What Is An MCP Server?

Understand what MCP servers are, what transports they use, and why agents rely on them for live tools.

Short answer

An MCP server is a program that exposes tools, prompts, or resources to an AI client over the Model Context Protocol. Instead of packaging instructions for the agent to read once, it stays available as a live integration the client can call during a session.

That makes MCP servers the right abstraction for databases, browsers, file systems, SaaS APIs, issue trackers, and other capabilities that need runtime interaction.

How MCP works in practice

MCP follows a client-server design. The AI host is the client. The MCP server advertises a set of tools and optional resources. The host discovers those capabilities, lets the model select or invoke them, and sends requests over a supported transport such as standard I/O, Server-Sent Events, or HTTP.

That architecture is what allows the same server to work across multiple clients without every vendor inventing a brand new plugin protocol.

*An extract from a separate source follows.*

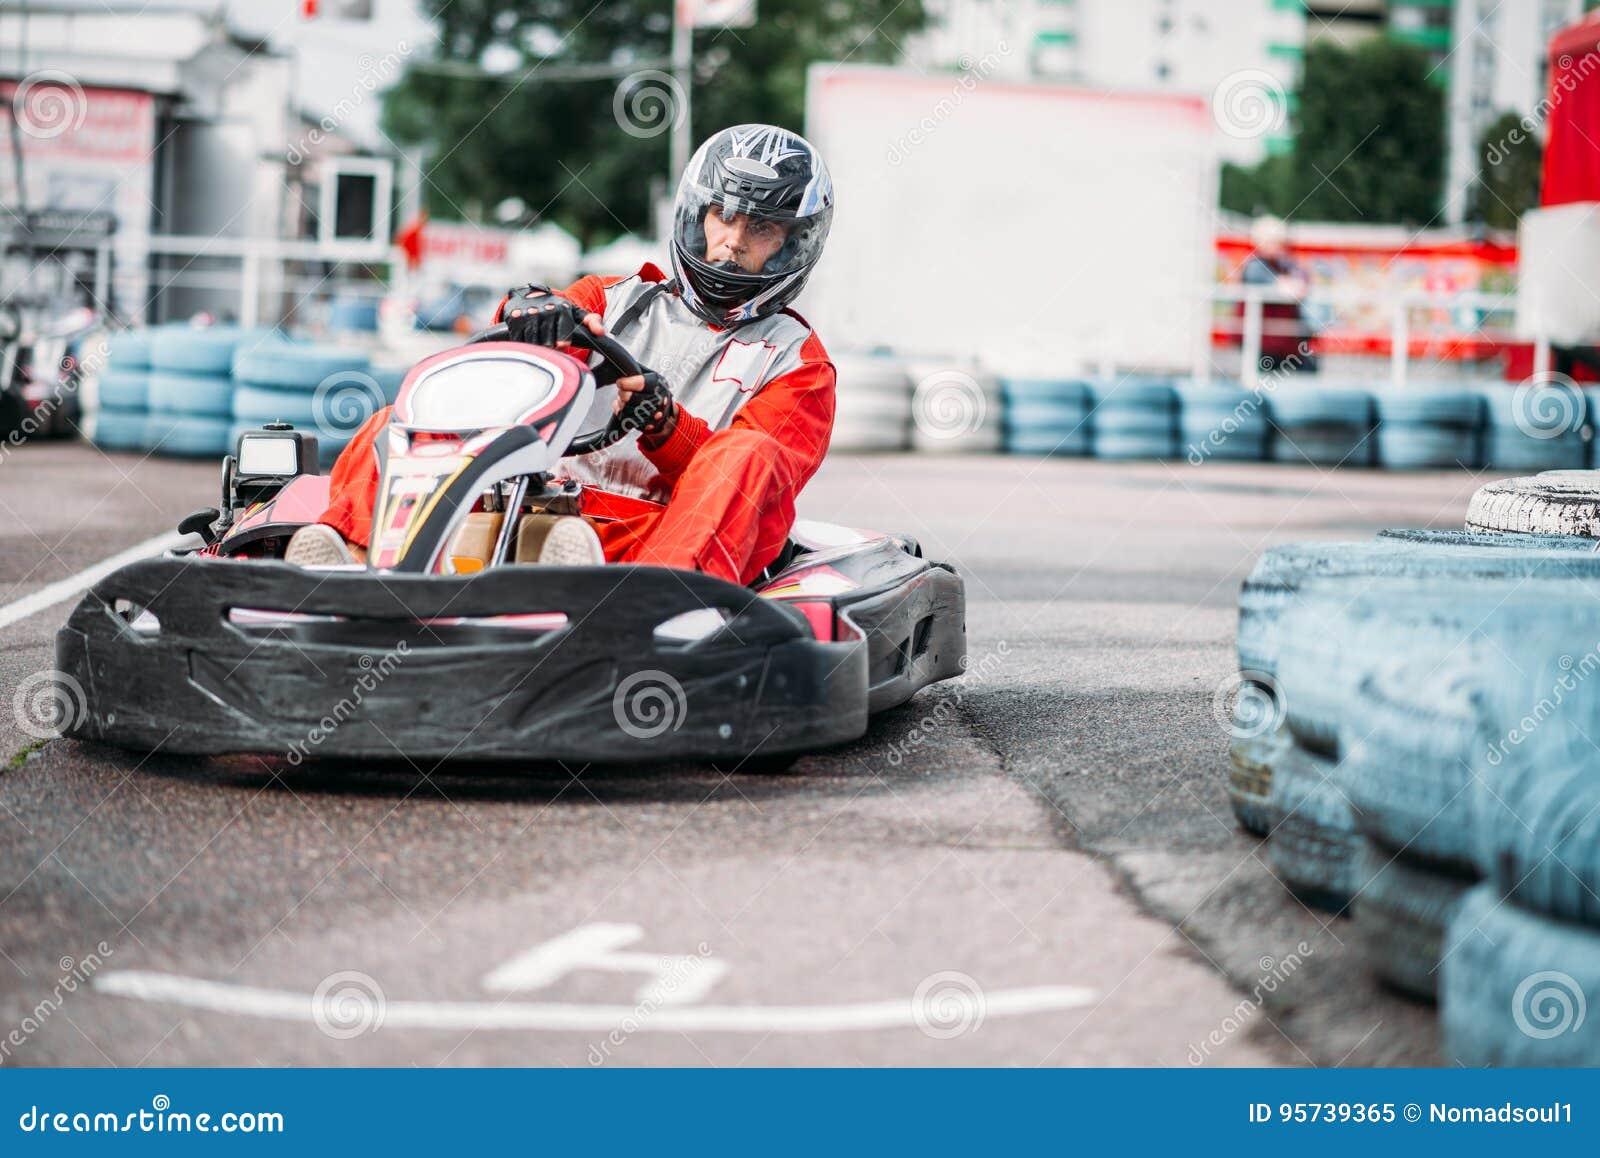 El corredor de Karting en la acción, va competencia del kart

Why MCP is different from ordinary package installs

An npm package is just a package. An MCP server is a runtime integration surface. Once configured, it can receive user data, agent-generated plans, file paths, arguments, and auth material. It can also expose read-only or write-capable tools.

That is why installation guidance alone is not enough. You also need to know the permissions and trust assumptions around the server you are enabling.

Typical examples

  • A browser automation server such as Playwright.
  • A design integration such as Figma.
  • A GitHub or Linear integration that lets the model read and update issues.
  • An internal documentation or database bridge that provides search and fetch tools.